3. Results and Discussion

3.1. solid waste management practices in the global south.

Global municipal solid waste (MSW) generation rose from 1.3 billion tons in 2012 to 2.1 billion tons (0.74 kg/capita/day) as of 2016, which by 2050 is expected to increase by 70% to reach a total of 3.40 billion tons or 1.42 kg/capita/day [ 19 ]. The per capita MSW generation varies among regions and countries. In the EU (European Union), it ranges from 0.3–1.4 kg/capita/day [ 20 ], and in some African cities, the average is 0.78 kg/capita/day [ 21 ]. In Asia, urban areas generate about 760,000 tons of MSW per day, which is expected to increase to 1.8 million tons per day or 26% of the world’s total by 2025, despite the continent housing 53% of the world’s population [ 22 , 23 ]. In China, the total MSW generation was around 212 million tons (0.98 kg/capita/day) in 2006, out of which 91.4%, 6.4%, and 2.2% were disposed of via landfilling, incineration, and composting [ 24 ]. In 2010, only 660 Chinese cities produced about 190 million tons of MSW, accounting for 29% of the world’s total, while the total amount of solid waste in China could reach at least 480 million tons in 2030 [ 25 ]. In China, industrial waste (more than one billion tons) was five times the amount of MSW generated in 2002, which is expected to generate approximately twice as much MSW as the USA, while India will overtake the USA in MSW generation by 2030 [ 26 ].

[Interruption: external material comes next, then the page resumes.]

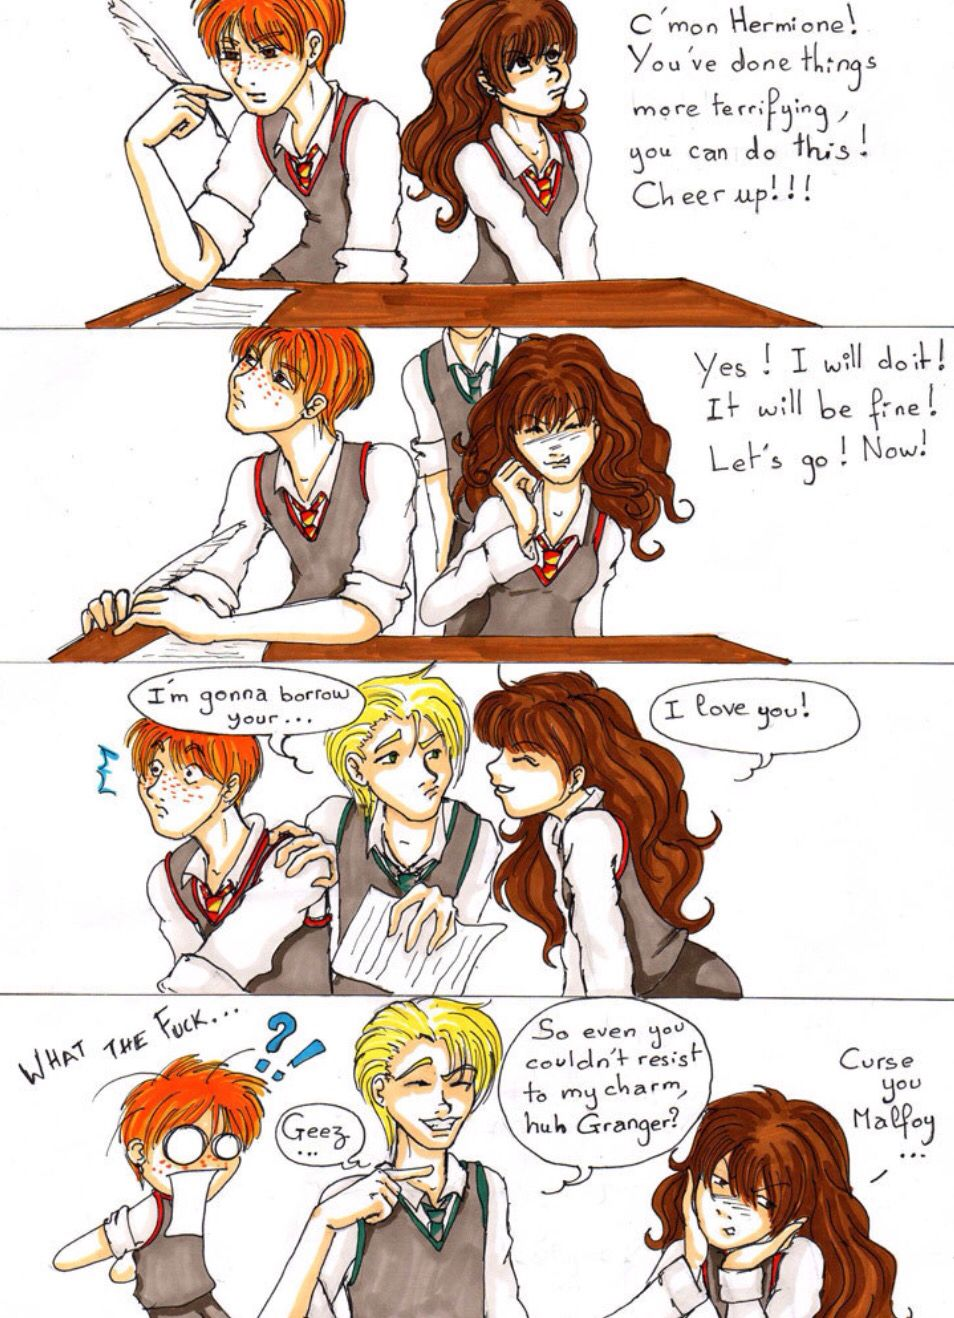 Haaaaaa so funny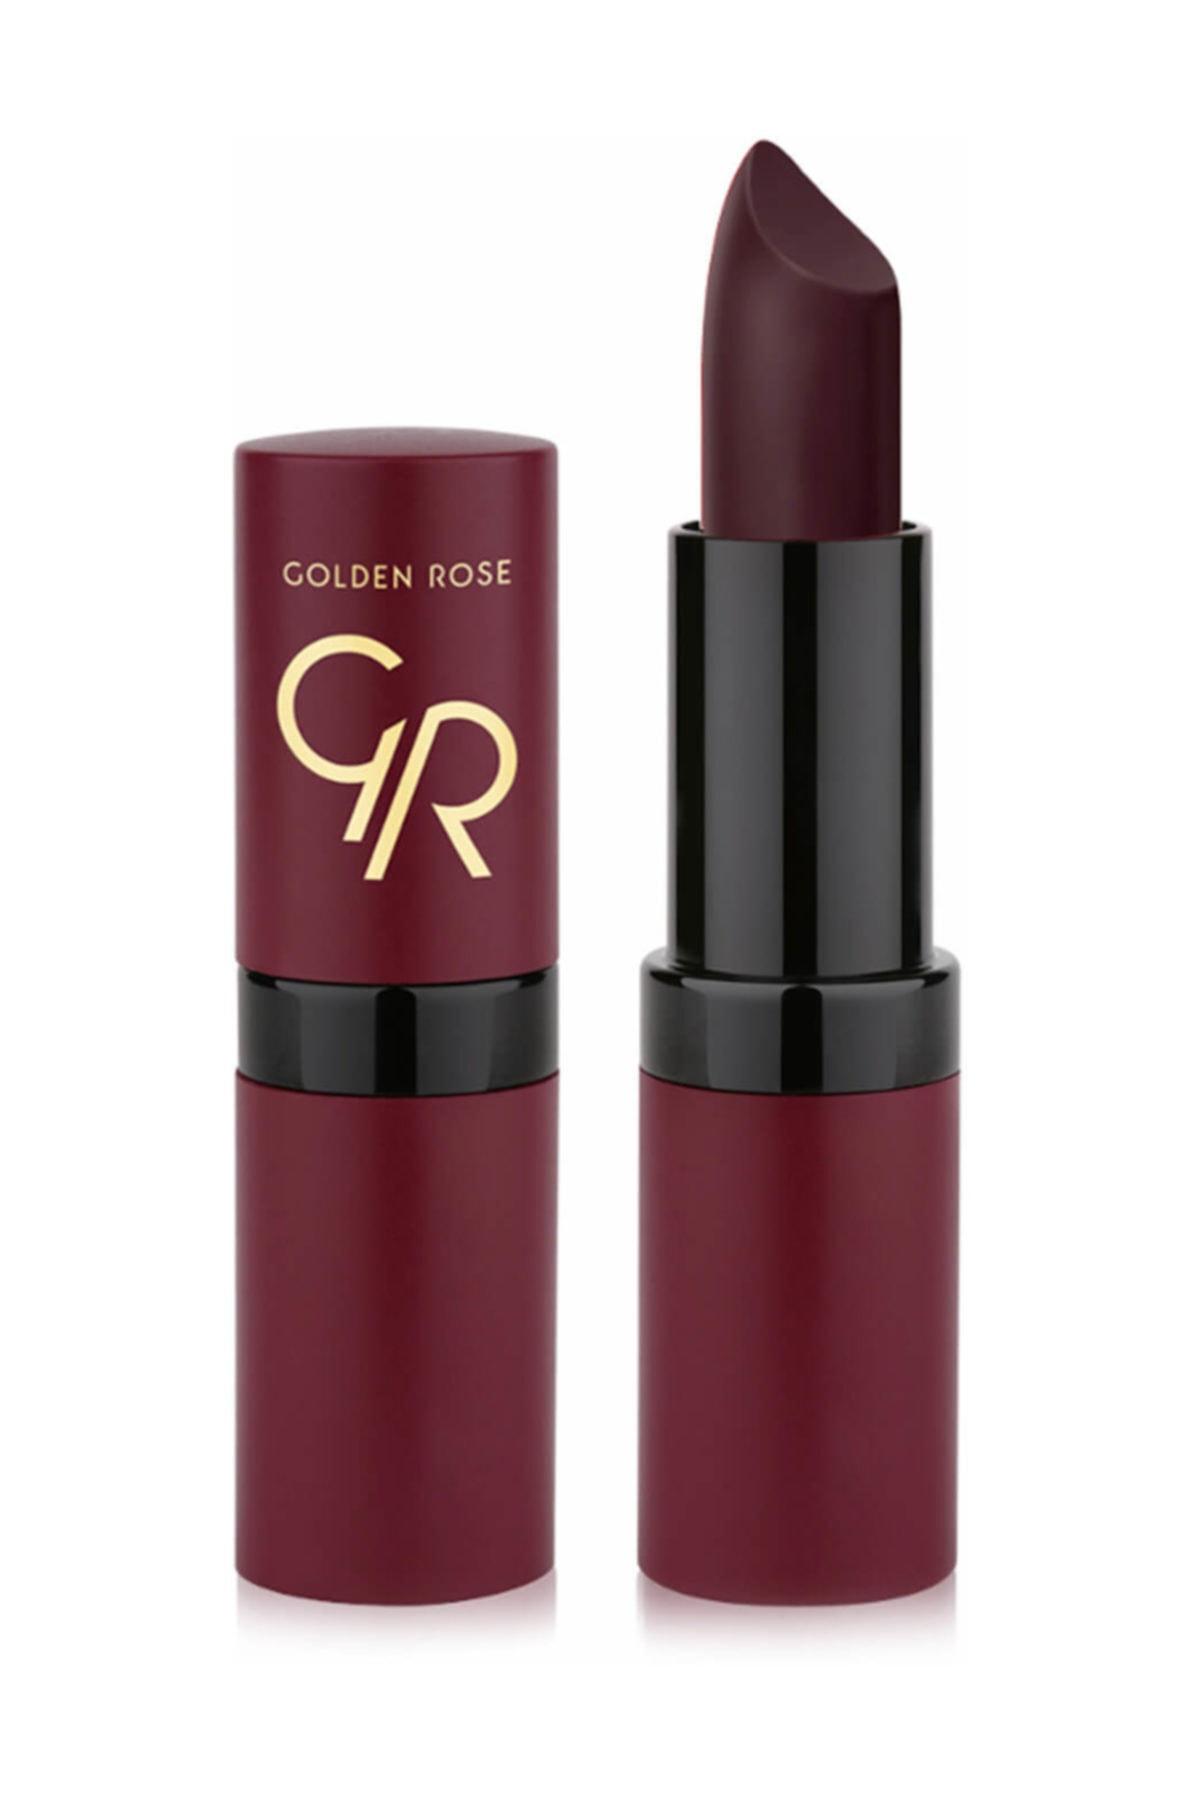 Golden Rose Mat Ruj - Velvet Matte Lipstick No: 29 8691190466299 1

In Malaysia, while the average rate of MSW generation was about 0.5–0.8 kg/person/day, Kuala Lumpur’s daily per capita generation rate was 1.62 kg in 2008 [ 27 ], which is expected to reach 2.23 kg in 2024 [ 28 ]. About 64% of Malaysia’s waste consists of household and office waste, 25% industrial waste, 8% commercial waste, and 3% construction waste [ 29 ]. In Sri Lanka, the assessed mean waste generation in 1999 was 6500 tons/day or 0.89 kg/cap/day, which is estimated to reach 1.0 kg/cap/day by 2025 [ 30 ]. With a 1.2% population growth rate, the total MSW generation in 2009 was approximately 7250 tons/day [ 31 ]. In Ghana, the solid waste generation rate was 0.47 kg/person/day, or about 12,710 tons per annum, consisting of biodegradable waste (0.318), non-biodegradable (0.096), and inert and miscellaneous waste (0.055) kg/person/day, respectively [ 32 ].

Moreover, global SWM costs are anticipated to increase to about $375.5 billion in 2025, with more than four-fold increases in lower- to middle-income countries and five-fold increases in low-income countries [ 33 ]. Globally, garbage collection, transportation, and disposal pose a major cost component in SWM systems [ 19 ]. Inadequate funding militates against the optimization of MSW disposal services. Table 1 compares the everyday SWM practices in low-, middle- and high-income countries according to major waste management steps. The literature indicates that waste generation rates and practices depend on the culture, socioeconomic status, population density, and level of commercial and industrial activities of a city or region.

Common MSW management practices by country’s level of economic development (adapted from [ 34 ]).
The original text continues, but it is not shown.